Zastanawiałem się, jakie informacje będą dla Was najbardziej interesujące. Właściwie mogłem przetłumaczyć jakąś ulotkę reklamującą Aszram i byłoby barwnie, pięknie, wzniośle... jaki to Aszram jest wspaniały, jak druzgocąco wielka panuje tam energia, blebleble, itd. Ale pomyślałem, że opiszę wyjazd i pobyt w Punie od strony bardziej technicznej, gdyż ulotkę każdy może przeczytać, ale nie znajdzie w niej informacji najbardziej przyziemnych, prozaicznych, np. dotyczących kosztów pobytu. Jaką drogę wybrać... Można lądową, gdy ktoś ma nerwy ze stali, sporo czasu na podróż okrakiem na wielbłądach i lubi posługiwać się nożem w rozmowach z tubylcami. Tych pasjonatów zachęcam do przeczytania poradnika Ediego Pyrka (Za sto dolarów do Indii). Osobiście, mając sto dolarów jednak do Indii bym się nie wybierał, zastanawiałbym się nawet nad wyjazdem do Katowic. Pozostaje podróż samolotem. Istnieje możliwość polecenia tzw. czarterem przez Rosję. Gdzieś tam trzeba czekać np. miesiąc, aż uzbiera się grupa np. 50 osób chętnych do lotu do Indii. Jednak nie polecam czekania przez miesiąc w tym barwnym kraju. Pozostaje lot bezpośredni. Spędziłem kilka dni na odszukaniu najtańszego połączenia do Bombaju. Mimo iż LOTem bliżej, to okazało się, że wcale nie najtaniej. Najtaniej - Air India - 750 dolarów za bilet powrotny, myślę, że uważnie szukając np. w ofertach biur niemieckich, można znaleźć dużo tańszy lot.

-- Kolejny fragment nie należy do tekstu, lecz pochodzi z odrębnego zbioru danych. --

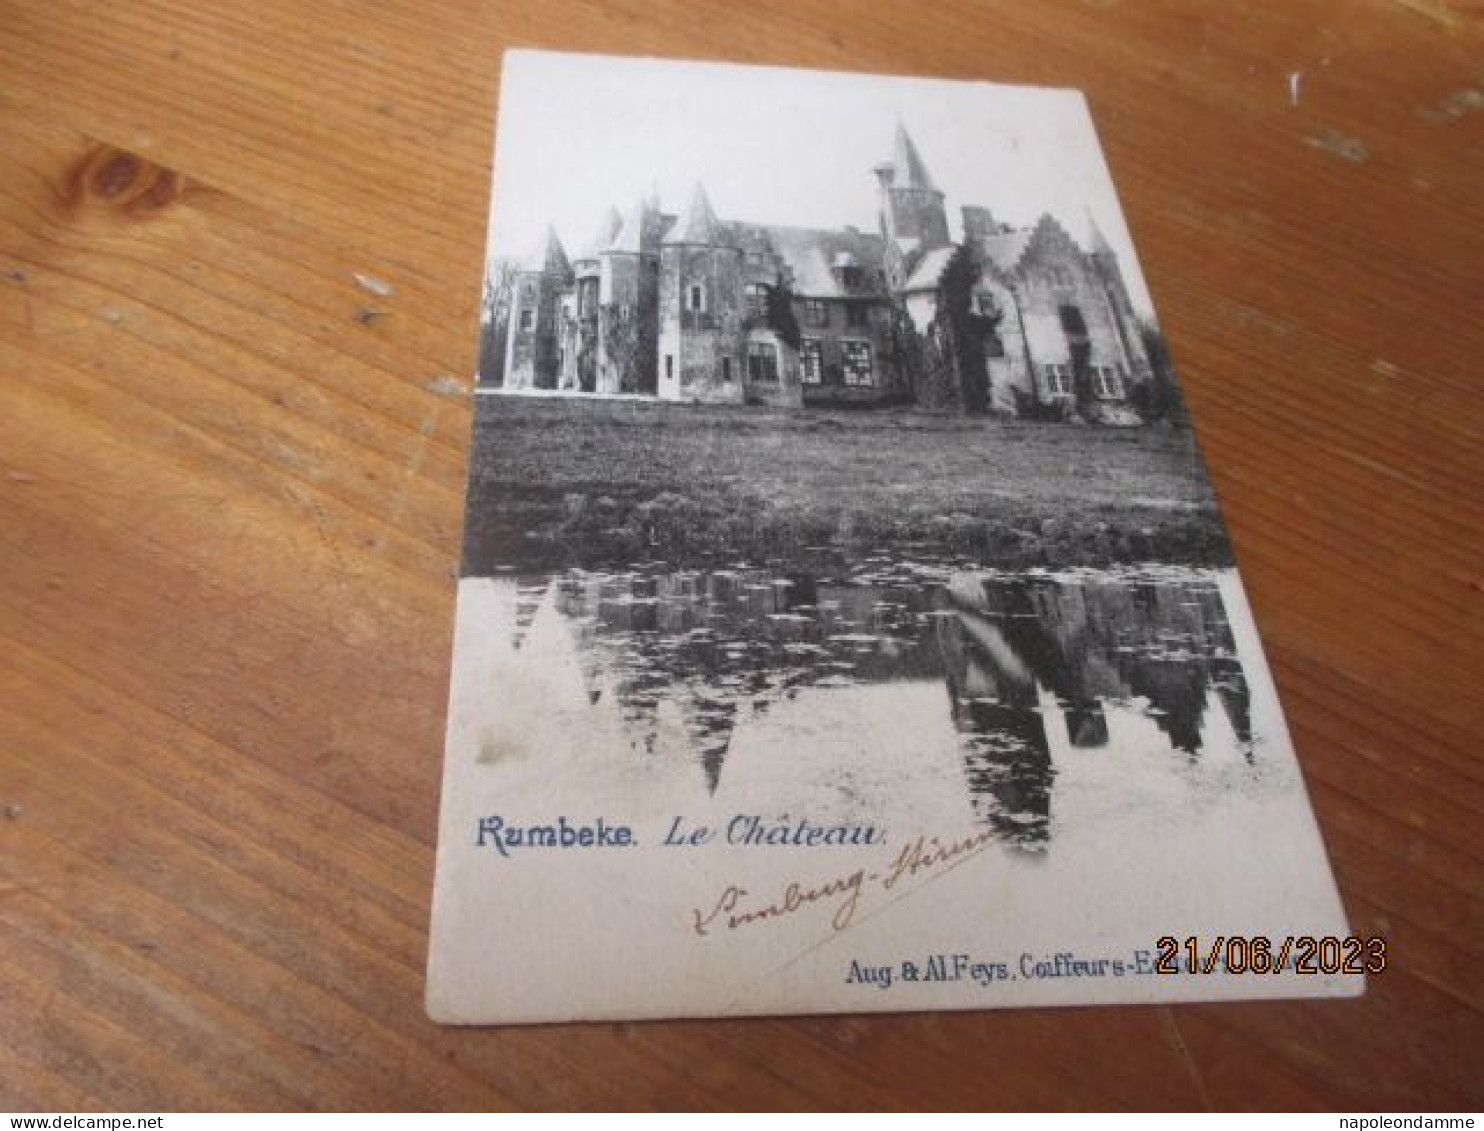 Rumbeke, Le Chateau, Edit Aug & Al Feys, Coiffeurs Editeurs - Roeselare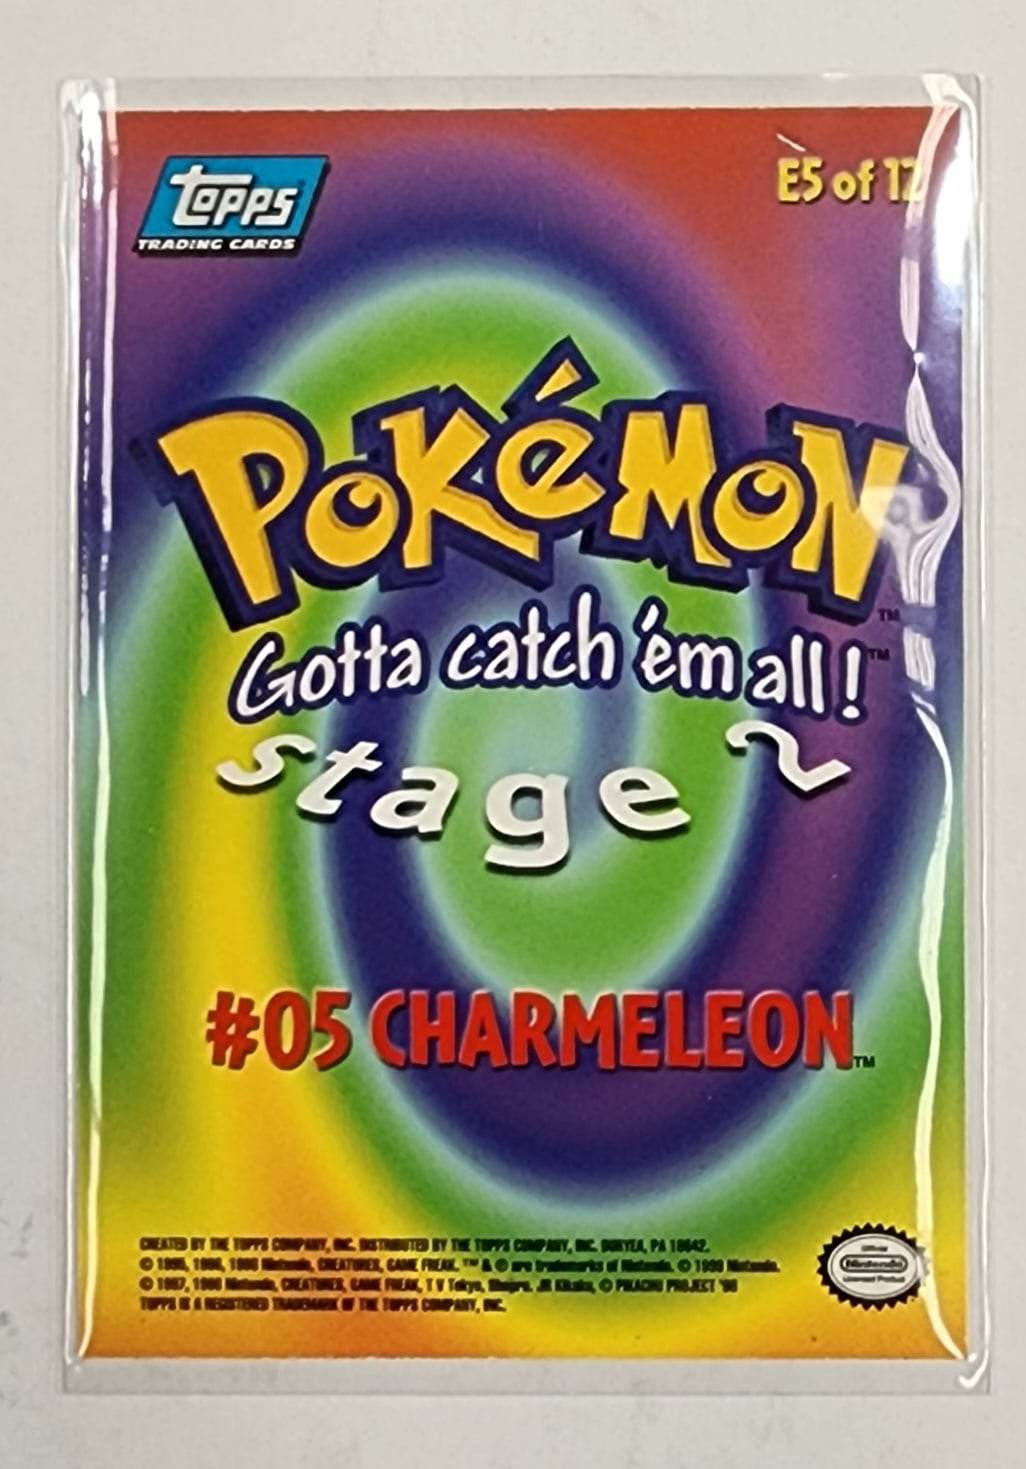 1999 Topps Pokemon Card Movie Edition Charmeleon - E5 - #05

Air India zapewnia przelot samolotem Delty lub LOTu do Frankfurtu, dalej samą Air Indią do Bombaju (z przystankiem w Delhi). Na pokładzie uprzejme stewardessy serwują wegetariańskie potrawy, podróż jest umilana filmami produkcji indyjskiej, obejrzałem jeden z nich, więc polecam podczas projekcji spać.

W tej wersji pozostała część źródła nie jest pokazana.